McGovern: Paolo has natural echoes of Kirby in his style, but since we decided to set our stories in the '70s, there would be no escaping Kirby's influence since it touched all corners of American comics (and often beyond). Kirby encoded the DNA of comic-book visuals, and to me Paolo represents the next evolution in that chain. Meanwhile he surpasses Kirby in certain areas: by the '70s Kirby had lost some of the subtleties of his film-noire, kid-gang work, and of the moody, atmospheric "Black Magic" period; Paolo retains all of this, for a fascinating mix of Kirby's dynamics, Gene Colan's nuances, and Paolo's own visionary design.
Comicus: How did you get in touch with Paolo Leandri?

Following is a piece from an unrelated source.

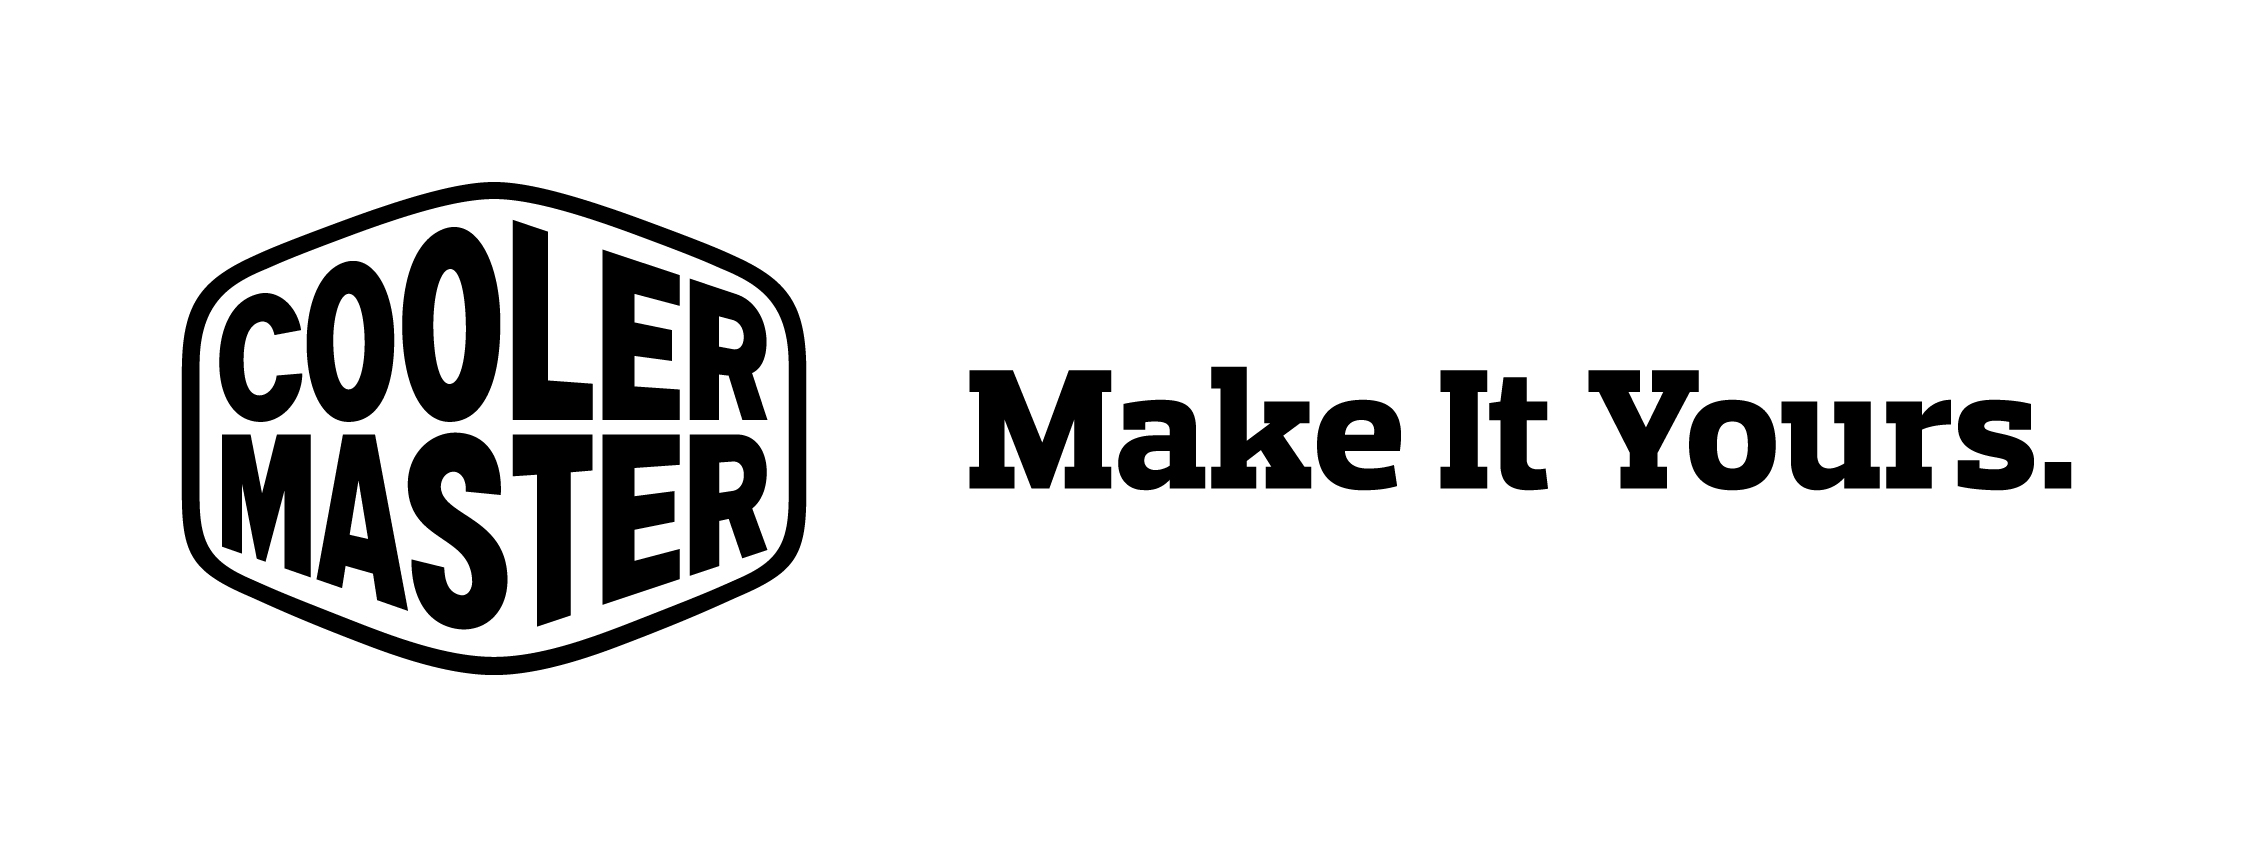 Logo-Cooler Master Make It Yours

McGovern: It will scarcely be surprising given my answer above :-) -- he wrote to me at the Jack Kirby Collector magazine in the U.S. to show me some samples, and when I proposed a collaboration it was soon to seem as if the Muse had deposited one-half of several fascinating ideas in each of our heads, waiting for us to discover each other and put the puzzle together!
Comicus: How can Italian readers buy a copy of your book?
McGovern: Dr. Id, Psychologist of the Supernatural comes out on October 25, 2006 worldwide. It is available from Diamond Comic Distributors. You can tell your nearest shop that sells comics that the order code is AUG06 3403. Like in a pulp adventure yarn, finding comics can be a bit of a mystery and treasure-hunt, but this should work. We also welcome you to visit our website at www.doctoridcomic.com (which has some content in Italian, with more to come!), and to email us if you'd like to order a copy -- we will soon be able to sell them online, and will notify you when the "shop" is open. Like any self-respecting mystic, Dr. Id is approachable on a number of alternate planes!
Interview With Paolo Leandri:
Comicus: Your style is reminiscent of Jack Kirby but of more contemporary artists as well, like Keith Giffen or Marcos Martin. Do you acknowledge other influences? Does your work for Dr. Id come from any particular research you did for its '70s flavor?
Leandri: I can't say I did any particular research; the Silver Age of comics is somewhat rooted in my subconscious. So it all came out very naturally, very spontaneously.
My influences go back to Kirby but to Steve Ditko and Gene Colan as well, while non-comics influences include (not only) horror movies from the '60s, and then way back to the genre's origins.
What I like in these old masterworks is both the technical skill they display and the way they use a very functional "language," as opposed to today's trend of special and spectacular effects -- they were so good at creating something truly, straightforwardly popular and entertaining.
Among contemporary artists, my fave is Mike Mignola.
Comicus: Any other American projects after Dr. Id?
Leandri: I'll keep teaming up with Adam, a cultivated and brilliant writer who knows how to conjure up truly visionary images. We have two kinds of projects on the floor. Some start from a full script by Adam, with stories and characters by him. Others are about ideas of mine, and dialogue is added by Adam over my pencils. After that, a certain amount of interaction comes naturally. Dr. Id falls into the first category and he will hopefully be welcomed enough to give our other projects some momentum.